There are several more trusts
and estate planning techniques available and you should consult an estate planning professional for a consultation.
3. Advanced Directive
Different from a will or a trust, an advanced directive handles your medical decisions while you’re still living. An advanced directive is a legal document that explains how medical decisions regarding your health are made. You can designate someone to make decisions about your medical treatment while you’re unable to (also called a health care surrogate). This document lets doctors and other health care professionals as well as your loved ones know exactly which medical decisions you want if you become incapacitated and cannot express your medical wishes. There are a few types of advanced directives you can consider, a living will, a do not resuscitate order and a healthcare surrogate. A living Will, which takes effect while you are still alive, can cover many of those issues. A living Will is a written statement of medical care you do/do not want to receive if you become incapacitated. It can cover issues such as resuscitation (typically this is called a DNR or do not resuscitate), ventilation, organ donation, and end of life care. If you have specific care wishes you want to ensure are carried out, it is a good idea to consider creating an advanced directive.
4. Durable Power of Attorney
A durable power of attorney is an incredibly important document to have in the event you become incapacitated or unable to care for yourself. A power of attorney is a legal document that gives the designated person (attorney-in-fact) the power to act on your behalf, but these documents are typically no longer effective if you lose mental capacity.
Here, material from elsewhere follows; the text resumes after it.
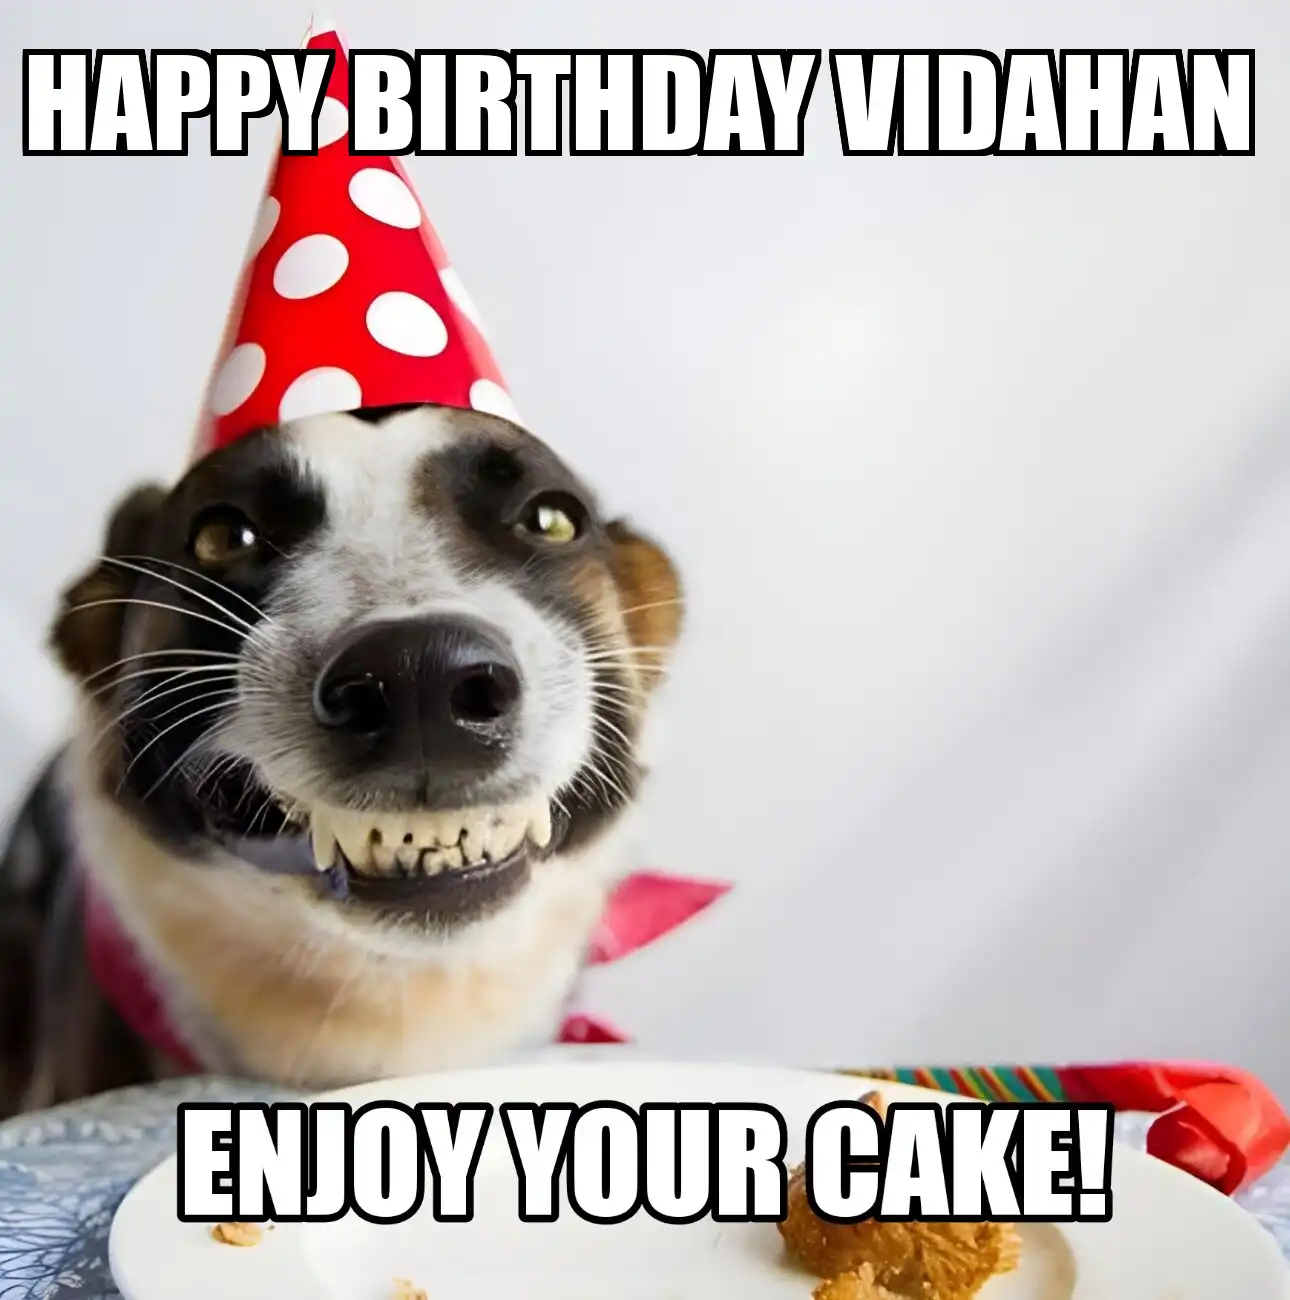 Happy Birthday Vidahan Enjoy Your Cake Dog Meme

The durable power of attorney, however, is similar except it is effective even in the event you become mentally incapacitated. A durable power of attorney allows your attorney-in-fact to make decisions on your behalf regarding both medical care and your finances. Your power of attorney can, for example, pay your bills, manage your investments, make care decisions for you, or anything else you include in your durable power of attorney documents. Importantly, having a durable power of attorney in place can prevent you from having a guardian appointed in the event you do become mentally incapacitated. This can save you time and money and allows you to pick someone you know and trust will make the right decisions on your behalf.
Everyone has different estate planning needs and there is no one size fits all solution. Therefore, it is important to speak with an experience and knowledgeable attorney who can help you decide which estate planning tool is best for you and ensure you maximize the benefits of any and all estate planning tools with careful drafting.